**WHAT YOU HAVE TO DO**
Restate the data word for word. Leave the pictures out.

**STORED DATA**
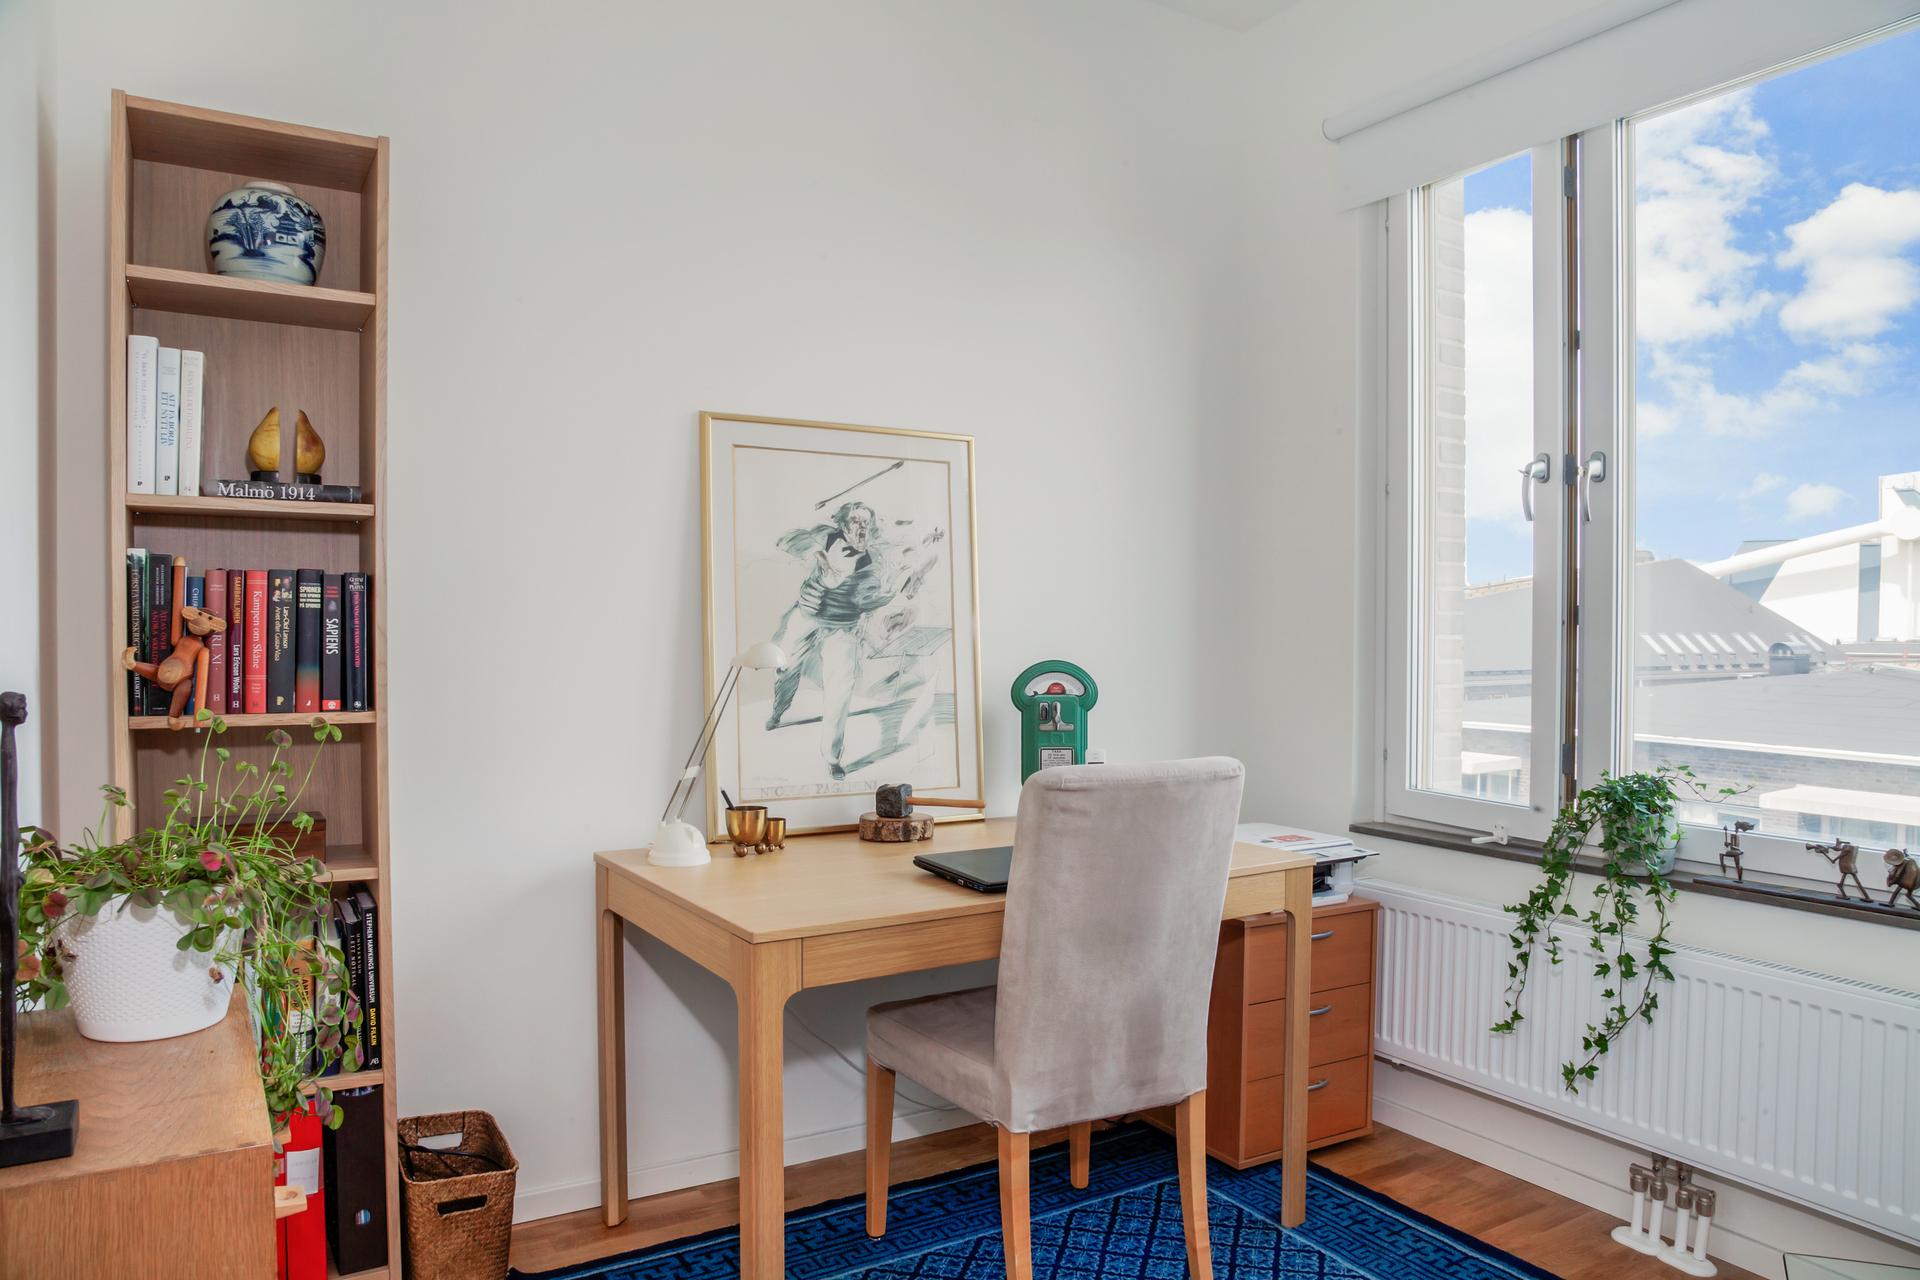 Idag används rummet som kontor, men här finns plats för t.ex. säng och förvaringsmöbler om man så önskar
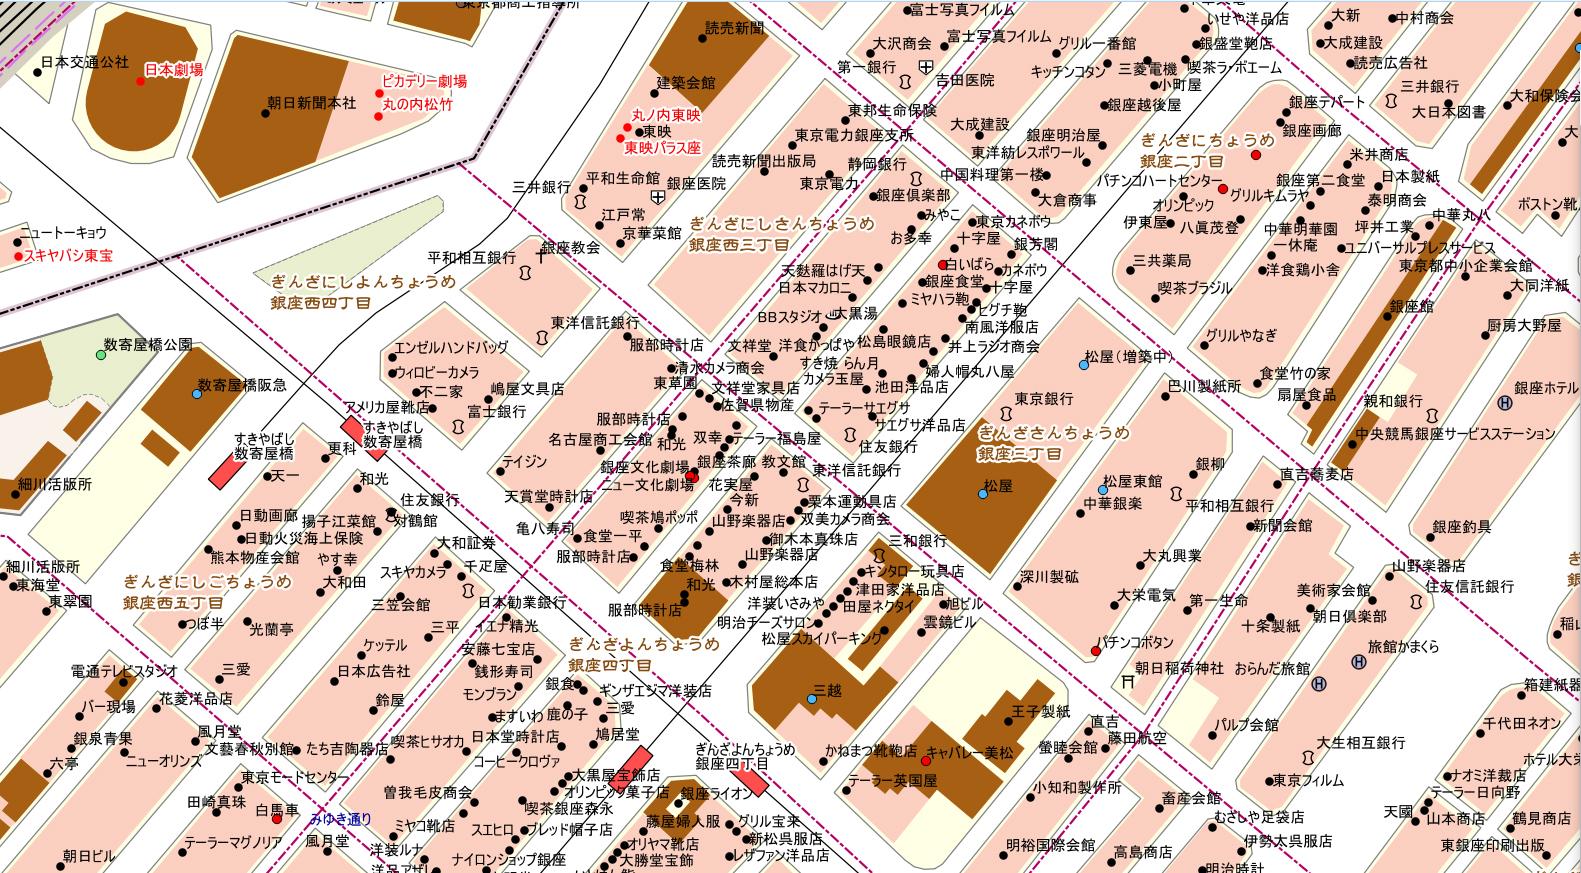 「タイムワープMAP 東京」(銀座駅周辺)
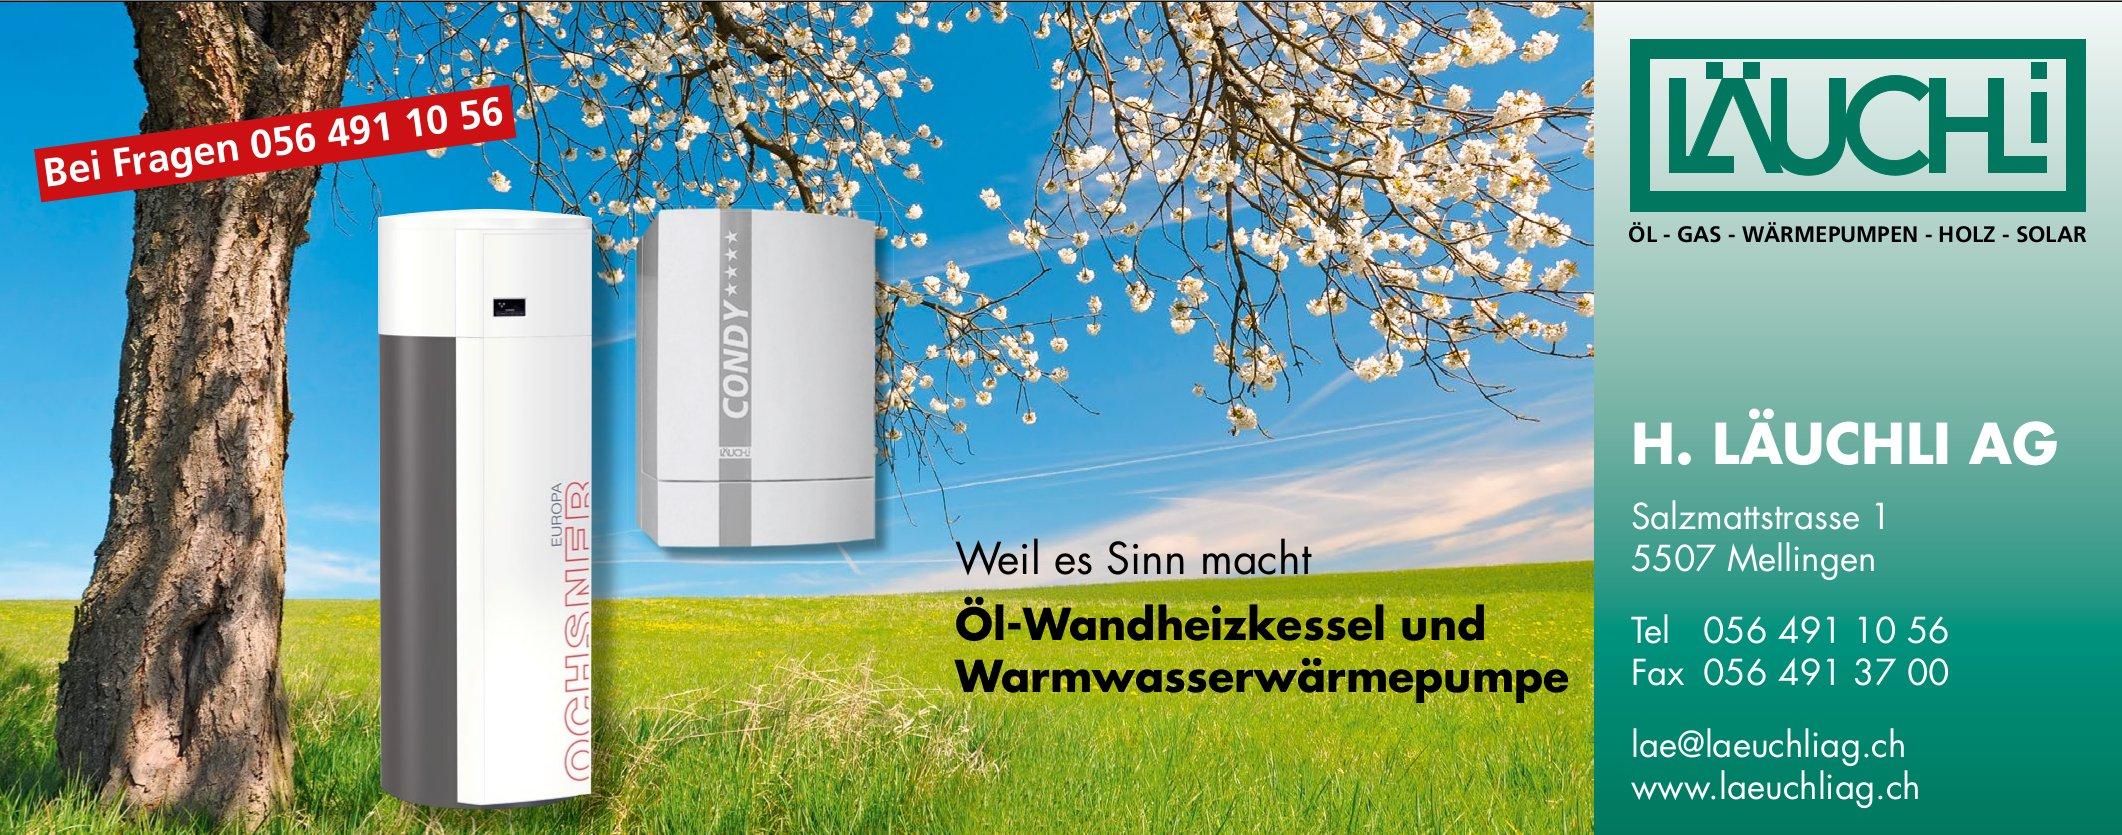 Öl-Wandheizkessel und Warmwasserwärmepumpe, H. Läuchli AG
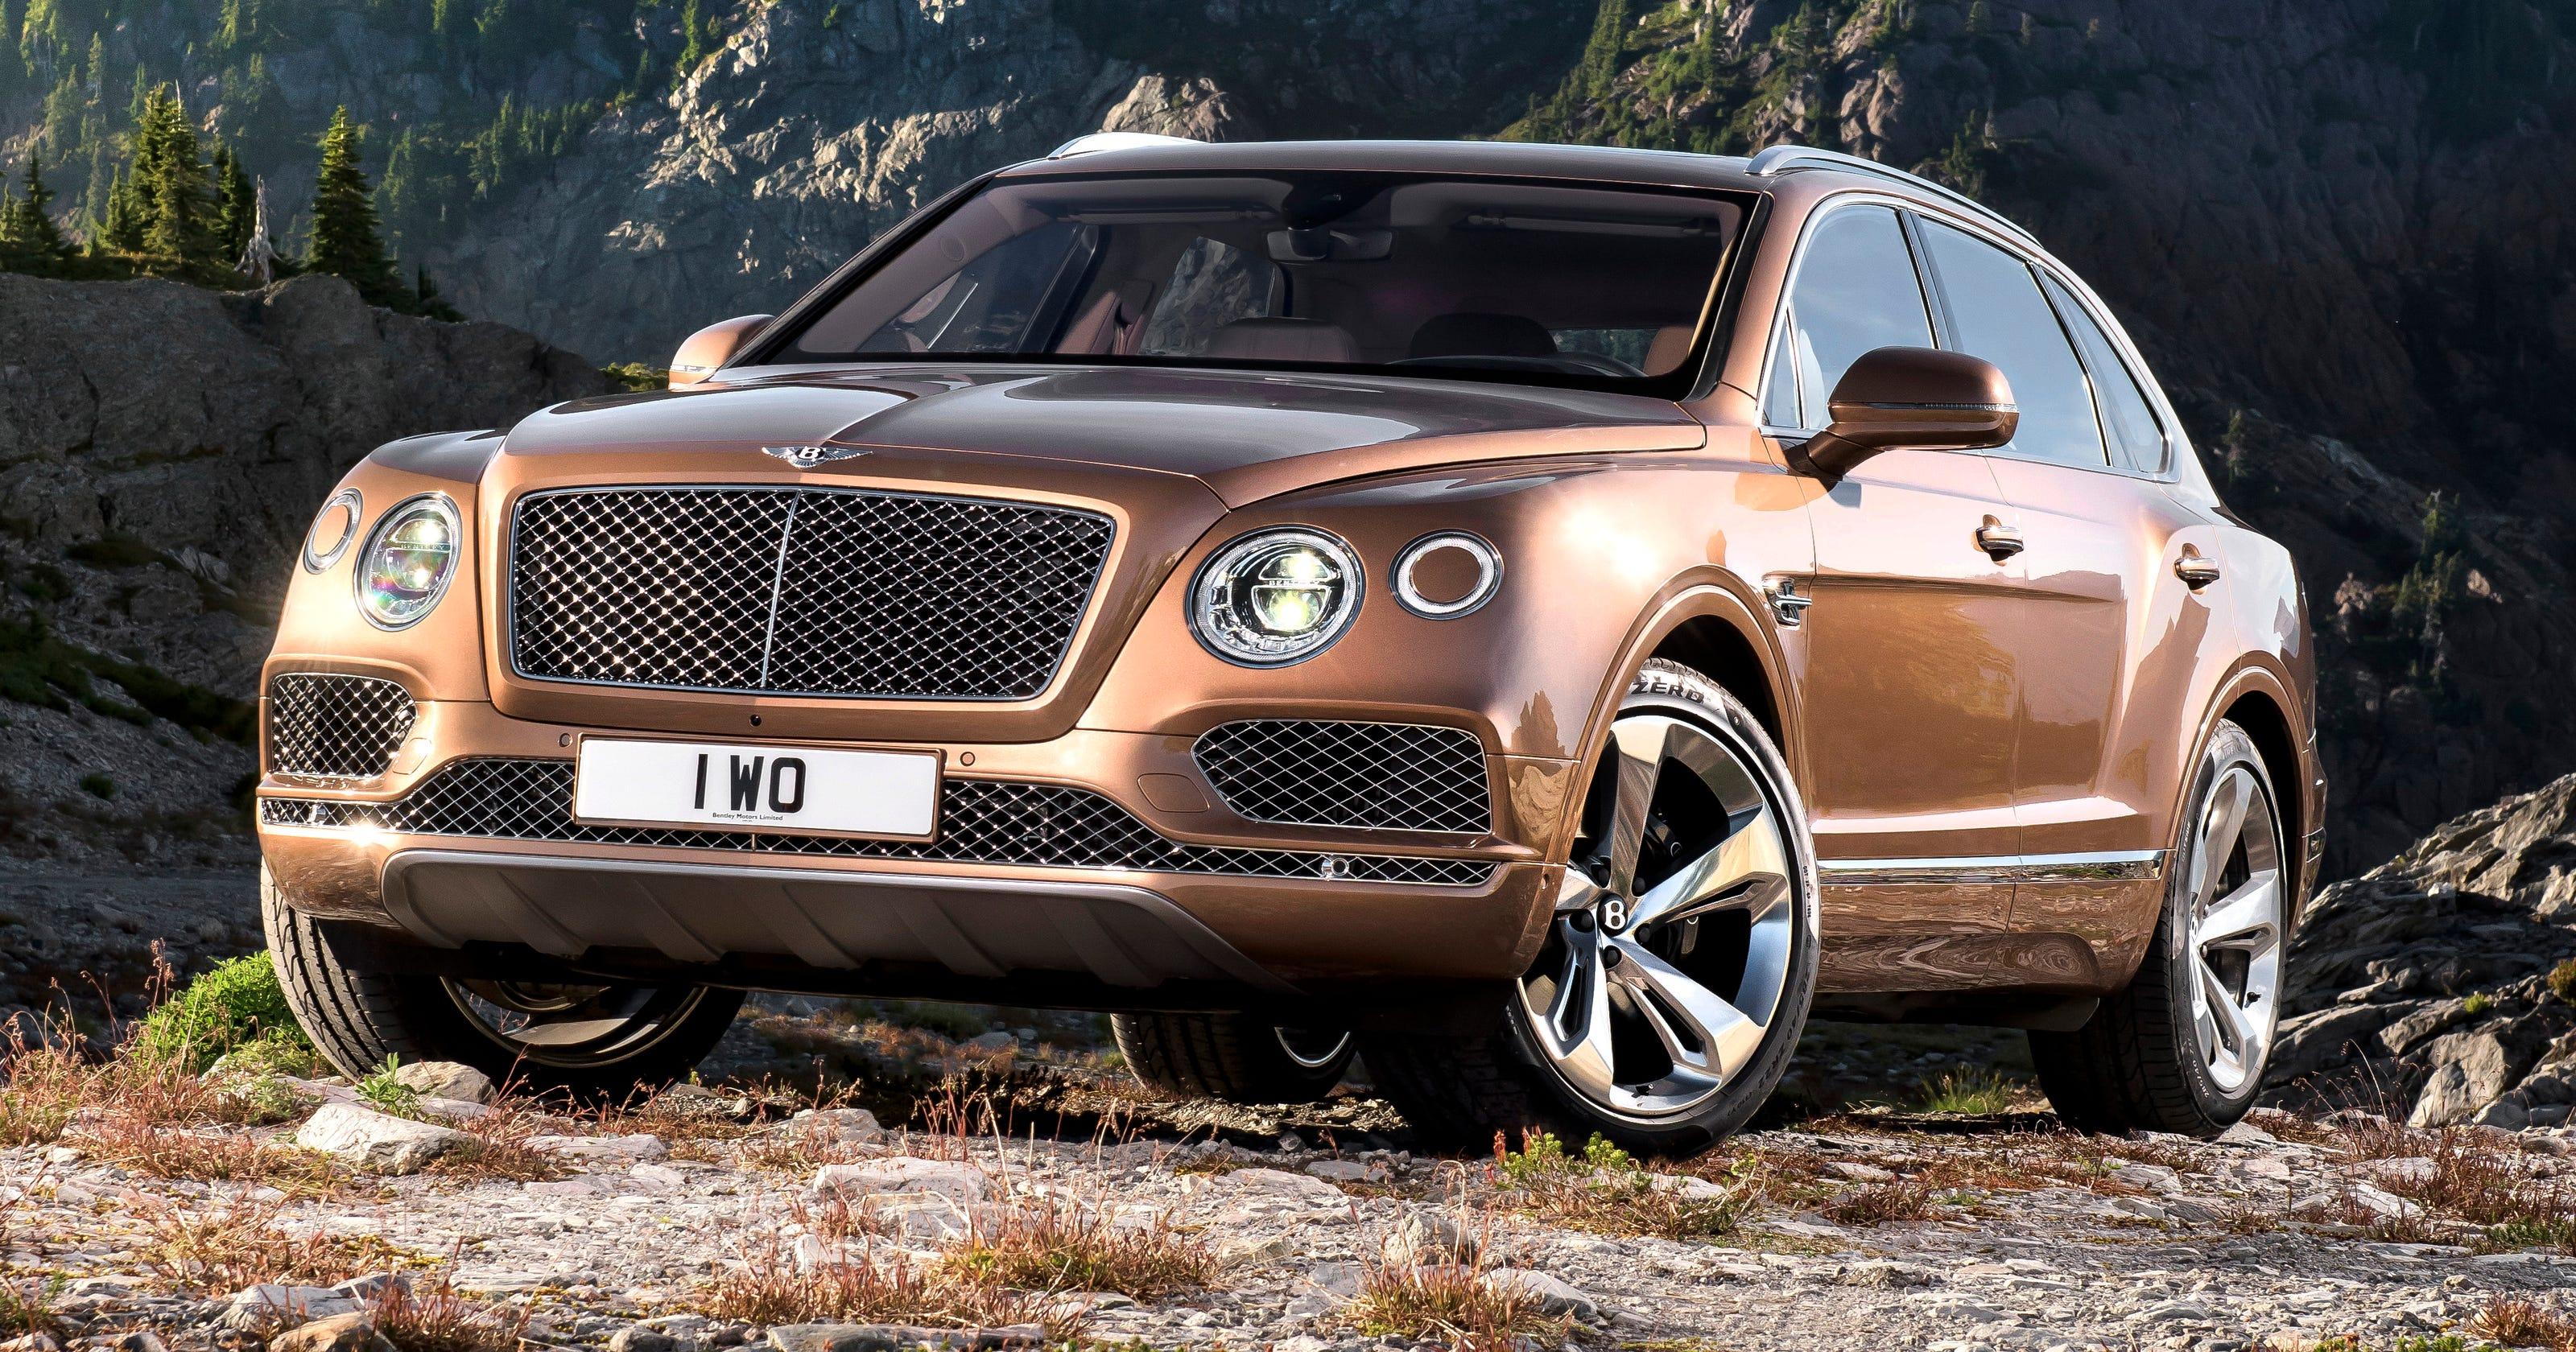 Bentley Prices Bentayga SUV Way Above K - Show me a bentley car

**TASK OUTPUT**
 Idag används rummet som kontor, men här finns plats för t.ex. säng och förvaringsmöbler om man så önskar
 「タイムワープMAP 東京」(銀座駅周辺)
 Öl-Wandheizkessel und Warmwasserwärmepumpe, H. Läuchli AG
 Bentley Prices Bentayga SUV Way Above K - Show me a bentley car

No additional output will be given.